Metcalf's drinking apparently became worse, and he became increasingly afraid that people were plotting to kill him, installing surveillance cameras and listening devices around his house, Amanda Metcalf said.
Then in early 2003, Metcalf spent a month in the hospital to receive treatment for cirrhosis and hepatitis. After being released, he married for the third time, but died just months later, in December.
Virginia Merida seemed to handle her money better. She repaid old debts, including $1,000 to a landlord who had evicted her years earlier. She told a friend she had set aside $1 million for retirement.

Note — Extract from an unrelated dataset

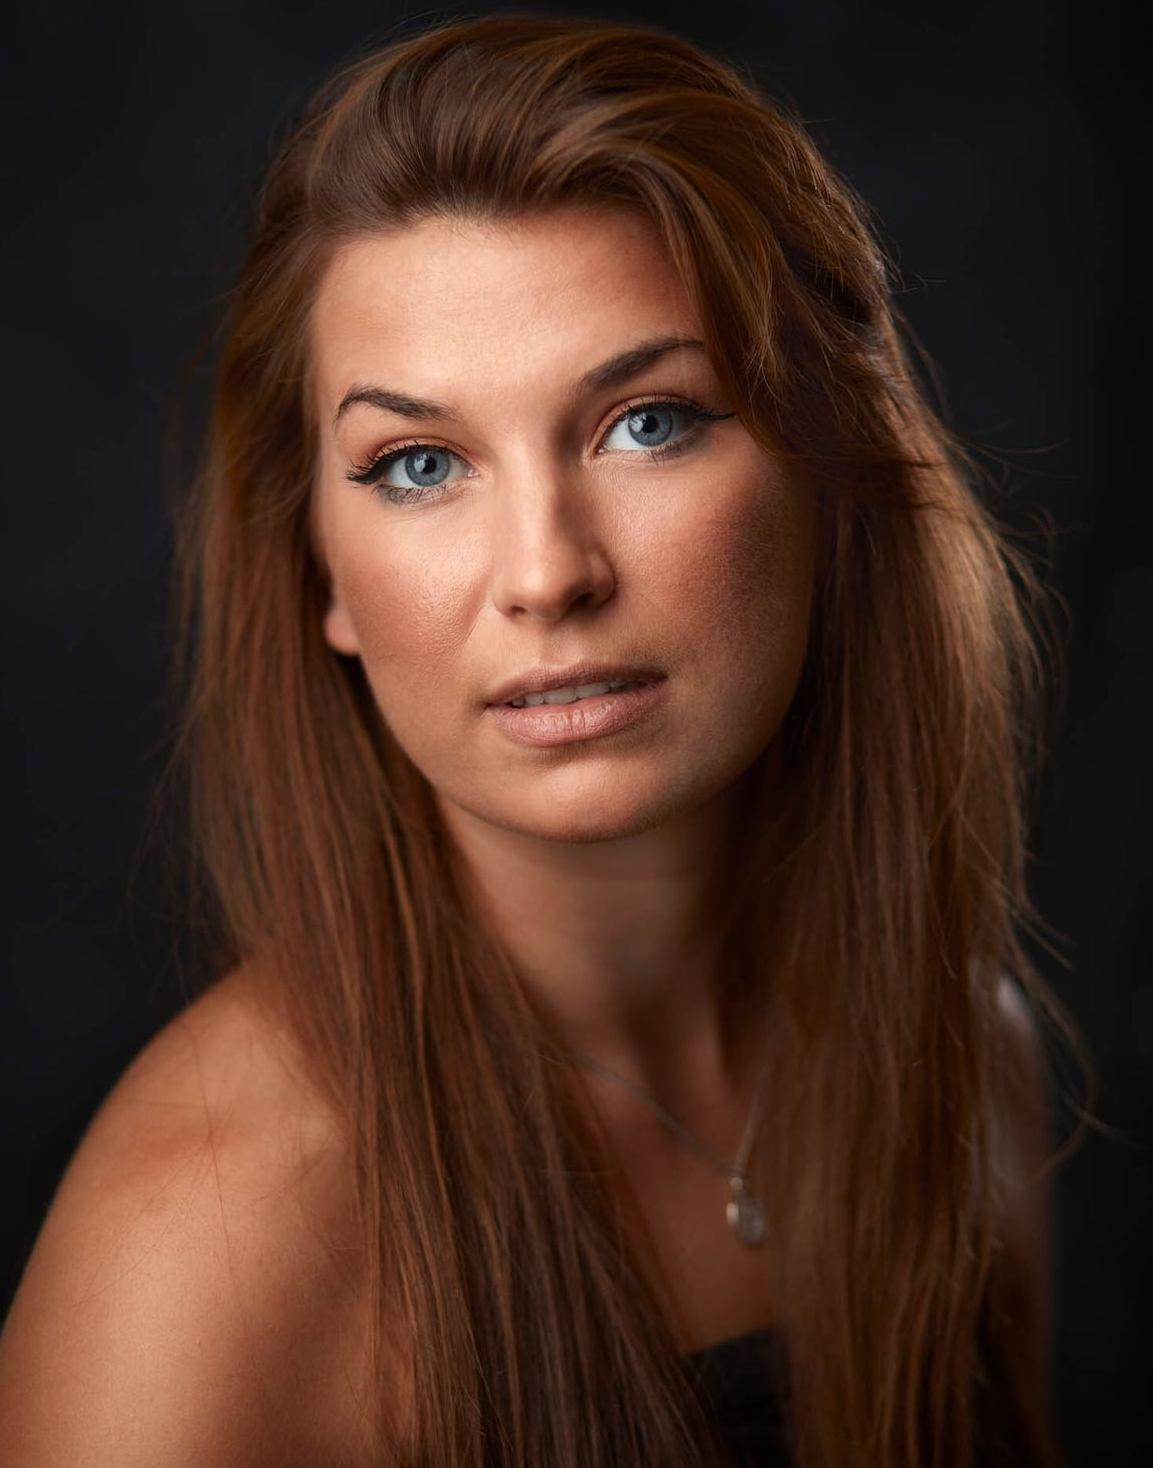 Susie Mandleberg Headshot

But she splurged enough to buy a Mercedes and a geodesic-dome house designed by an architect in Cold Spring, Ky., for $559,000. She kept the furnishings simple, neighbors said, but purchased several arcade-quality video games for her son, Jason. For a time, Merida's mother lived with her as well.
Then in January, a live-in boyfriend, Fred Hill, died of an overdose of an opiate-related drug, according to a police report. No charges were filed, and officials said it was not clear if the opiate was heroin or a prescription drug. But neighbors began to believe the house had become a haven for drug use or trafficking.
In May, Merida filed a complaint in Campbell County Circuit Court against her brother David, saying he had been harassing her. In June 16, a circuit court judge ordered them to keep away from each other. It wasn't clear why she filed the complaint, and David Merida would not comment.
When Merida's son found her body on Nov. 23, she had been dead for several days, the county coroner's office said. There was no evidence of a break-in, or that she had been attacked, officials said. Toxicological studies on her remains won't be completed for several weeks.
It is unclear how much of Merida's estate remains, but it appears she saved some of it.
That may not have been the case with Metcalf, his daughter said. Six months after his death, his house in Corbin was sold for $657,000, about half of what Metcalf had paid for it.
In a brief obituary in The Kentucky Enquirer, Merida's family described her simply as "a homemaker."
On a black tombstone, Amanda Metcalf had this inscribed for her father, "Loving father and brother, finally at rest."